Dans son plan géométral, le chott Melrir, en y comprenant au nord les marécages de Farfaria, au sud d’autres dépressions de même nature comme le chott Merouan, affecte assez bien la forme d’un triangle rectangle. Du nord à l’est son hypoténuse dessine une ligne presque droite depuis la direction de Tahir-Nassou jusqu’au point au-dessous du trente-quatrième degré et de l’extrémité du second canal. Son grand côté, accidenté capricieusement, court le long dudit degré et est prolongé comme à l’est par des chotts secondaires. À l’ouest son petit côté monte vers la bourgade de Tahir-Nassou, en suivant à peu près une direction parallèle à la ligne du Transsaharien, projeté en prolongement de la ligne Philippeville-Constantine-Batna-Biskra, dont le tracé devait être modifié pour éviter un embranchement la reliant à un port de la mer nouvelle, sur la rive opposée à l’arrivée du deuxième canal.

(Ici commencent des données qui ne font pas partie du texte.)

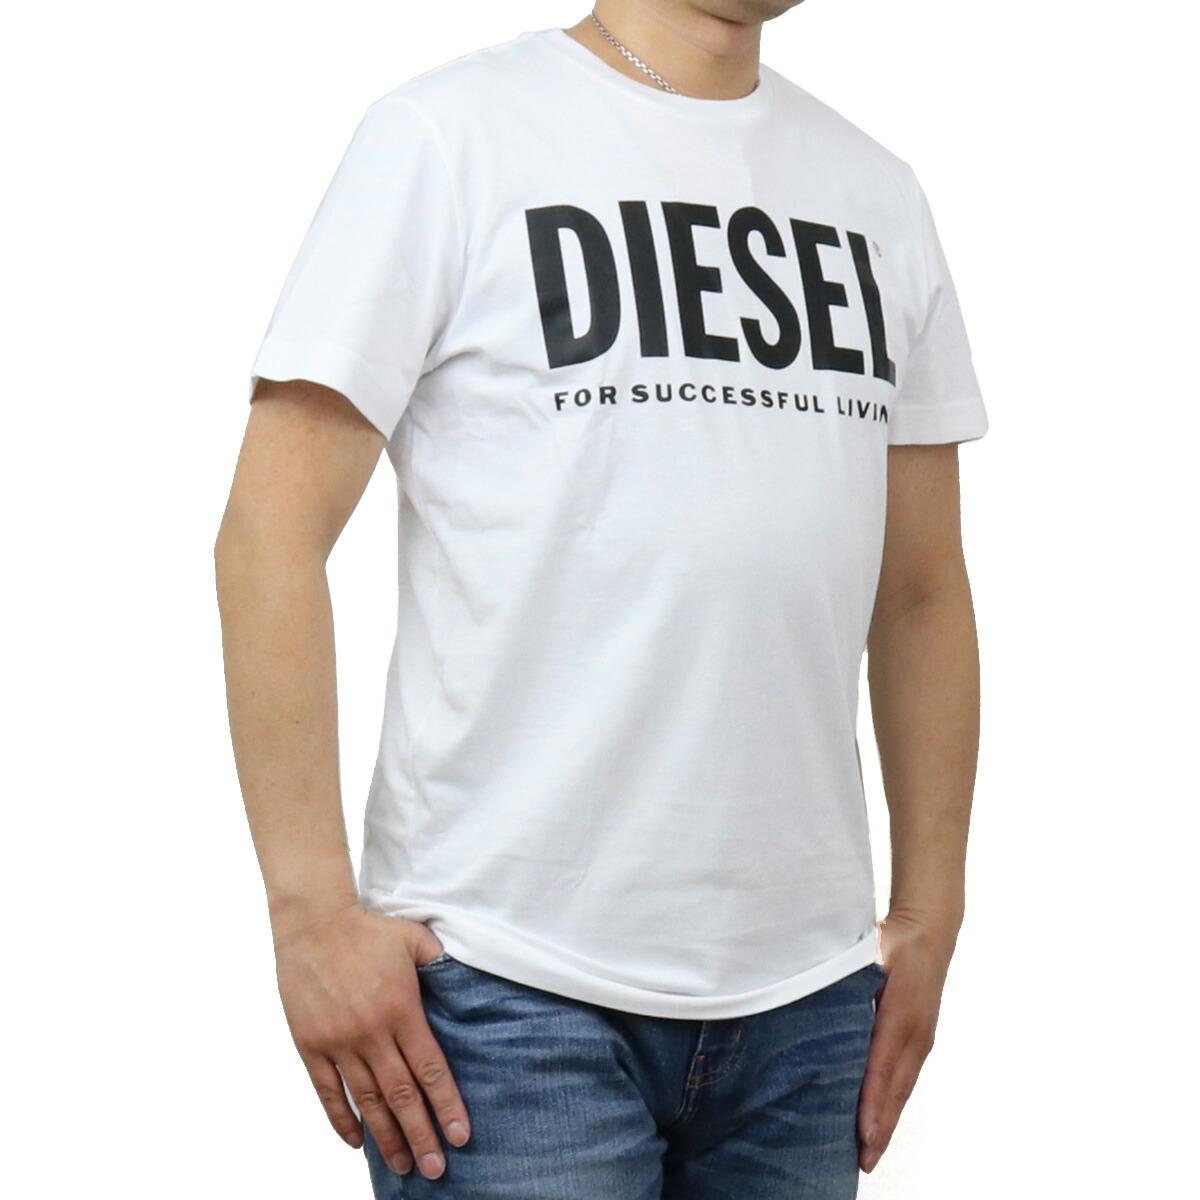 ディーゼル DIESEL メンズ-Tシャツ 00SXED 0AAXJ 100 ホワイト系 bos-43 apparel-01 ts-01 メンズ

La largeur de cette grande dépression — moins étendue cependant que la surface du Djerid et du Fedjedj — mesure cinquante-cinq kilomètres entre le point terminus de la dernière section du canal et le port à établir sur la côte occidentale en un point à fixer définitivement entre le Signal de Chegga et l’oued Itel, — le projet d’atteindre Meraïer, située plus au sud, semblant abandonné. Mais elle ne peut être inondée que sur six mille kilomètres carrés, soit six cent mille hectares, le restant de sa superficie ayant une cote supérieure au niveau de la Méditerranée. En réalité, la nouvelle mer occuperait huit mille kilomètres carrés dans le cadre des deux chotts, et cinq mille émergeraient après le complet remplissage du Rharsa et du Melrir.

Ces parties non inondées deviendraient donc des îles. Elles formeraient à l’intérieur du Melrir comme une sorte d’archipel comprenant deux grandes îles. La première, nommée l’Hinguiz, figurerait un rectangle coudé au milieu du chott qu’il diviserait en deux parties, l’autre occuperait l’extrême portion comprise entre les deux côtés de l’angle droit près de Strarie. Quant aux îlots, c’est principalement vers le sud-est qu’ils se rangeraient en lignes parallèles. Lorsque les navires se hasarderaient à travers les passes de cet archipel, ils devraient s’en rapporter sévèrement aux levées hydrographiques établies pour diminuer les risques de cette dangereuse navigation.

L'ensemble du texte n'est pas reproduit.